Look, Sharon. It's Benny Goodman's clarinet! He played a Buffet Crampon, and it's in the Smithsonian. Click on the little pic at right for more info on the clarinet.

http://www.smithsonianmag.com/arts-culture/The-Object-at-Hand-1967-Buffet-Crampon.html#


----------



## BSQ (Jun 13, 2009)

wackymother said:


> Thanks to everybody! I'm continuing the search. I didn't know that clarinets break down with age. Does everybody agree with that? I'm of the "older is better" school of thought, so it's a little shocking to me. I thought an older instrument, properly refurbished, would be a good bet. No?



Yes they can.  It depends on how well the owner took care of it.  If it's wood, and not taken care of, the wood can dry out and eventually begin to crack.  Refurb usually takes care of pads, springs, cork and keys.  Occasionally a section will be replaced like the barrel (the short section the mouth piece connects to).  

Is buying an older horn always a risk, not necessarily.  Kinf of like a car, it just depends on how well a person took care of it.  I've not played regularly for close to 20 years, but I still oil and maintain my horns.  At a swap meet I bought a silver clarinet for $40.  It's in immaculate shape and I do play that one a little more often than the others.  It was made in 1930.

This may go without saying, but if you buy used, do buy a new mouth piece.


----------



## 3kids4me (Jun 13, 2009)

wackymother said:


> Look, Sharon. It's Benny Goodman's clarinet! He played a Buffet Crampon, and it's in the Smithsonian.

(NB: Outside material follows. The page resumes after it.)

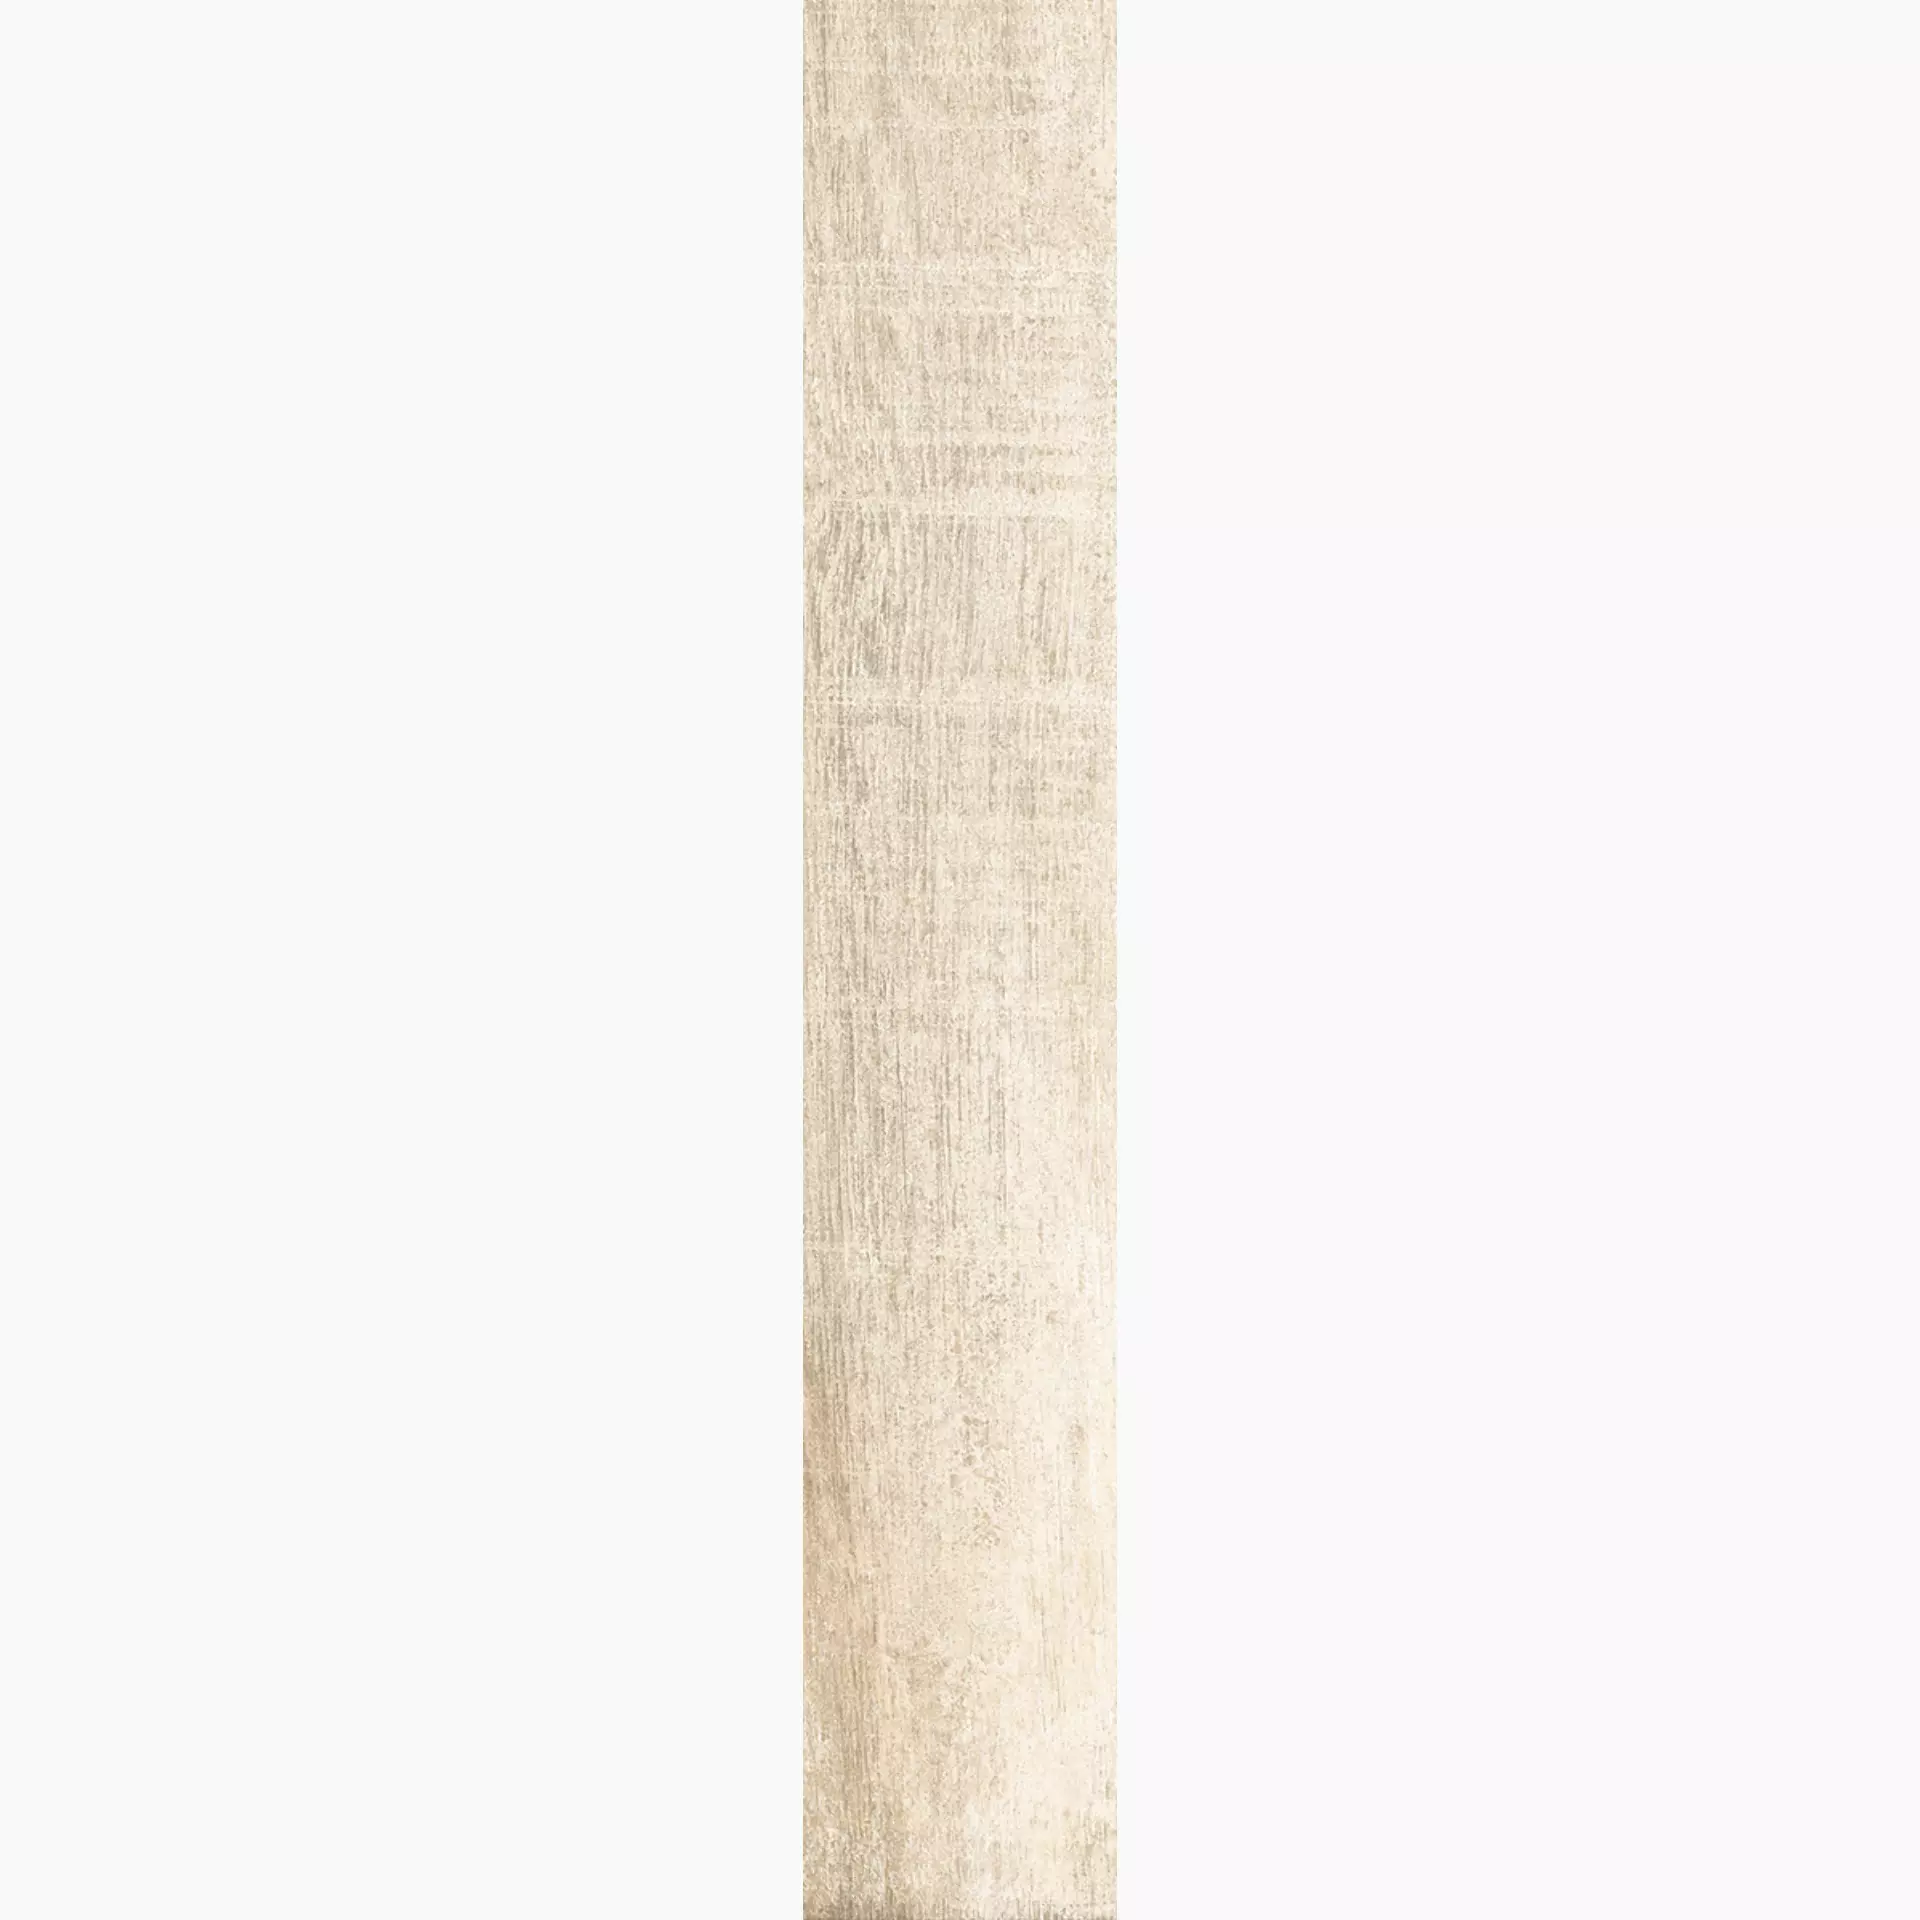 Rondine Greenwood Beige Naturale J86331 7,5x45cm 9,5mm

Click on the little pic at right for more info on the clarinet.
> 
> http://www.smithsonianmag.com/arts-culture/The-Object-at-Hand-1967-Buffet-Crampon.html#



Yeah...somehow I think mine might not be as valuable...lol....


----------



## wackymother (Jun 13, 2009)

BSQ said:


> Yes they can.  It depends on how well the owner took care of it.  If it's wood, and not taken care of, the wood can dry out and eventually begin to crack.  Refurb usually takes care of pads, springs, cork and keys.  Occasionally a section will be replaced like the barrel (the short section the mouth piece connects to).
> 
> Is buying an older horn always a risk, not necessarily.  Kinf of like a car, it just depends on how well a person took care of it.  I've not played regularly for close to 20 years, but I still oil and maintain my horns.  At a swap meet I bought a silver clarinet for $40.  It's in immaculate shape and I do play that one a little more often than the others.  It was made in 1930.
> 
> This may go without saying, but if you buy used, do buy a new mouth piece.




Okay, just back from Sam Ash. Among their student clarinets, they had a used Selmar 1400 for $250 including case and mouthpiece and a used Selmar Sigmet for $300 without case or mouthpiece. The girl didn't really seem to know anything about them, but she said they had been refurbed. BTW, rental for a year is $90 from Sam Ash. I think we're paying a bit more through the school supplier.

Not to be gross, but do I really have to get a new mouthpiece? I mean, you rent them and the mouthpiece comes with, presumably cleaned. No?


----------



## pjrose (Jun 13, 2009)

Yes, mouthpieces can be cleaned and presumably are before the horns are rented again.

If renting for a whole year is $90, which looks like about 1/3 of buying a used one, I'd consider renting instead.  If you are renting it, they have to fix it and adjust it, and it will come with a case.  If you buy it you're responsible for the repairs. Even without repairs, it'd take 2-3 years to break even - by that time she may have lost interest.  If she's become really interested after 2-3 years, you may want to get a better one then.

We rented a sax for a year, then when it became clear DD was really into it we bought one, then another, then a third, and all the stuff that went along with them.  Being in various bands was a central part of her life for 4-5 years.  (She was even in the Macy's Parade!)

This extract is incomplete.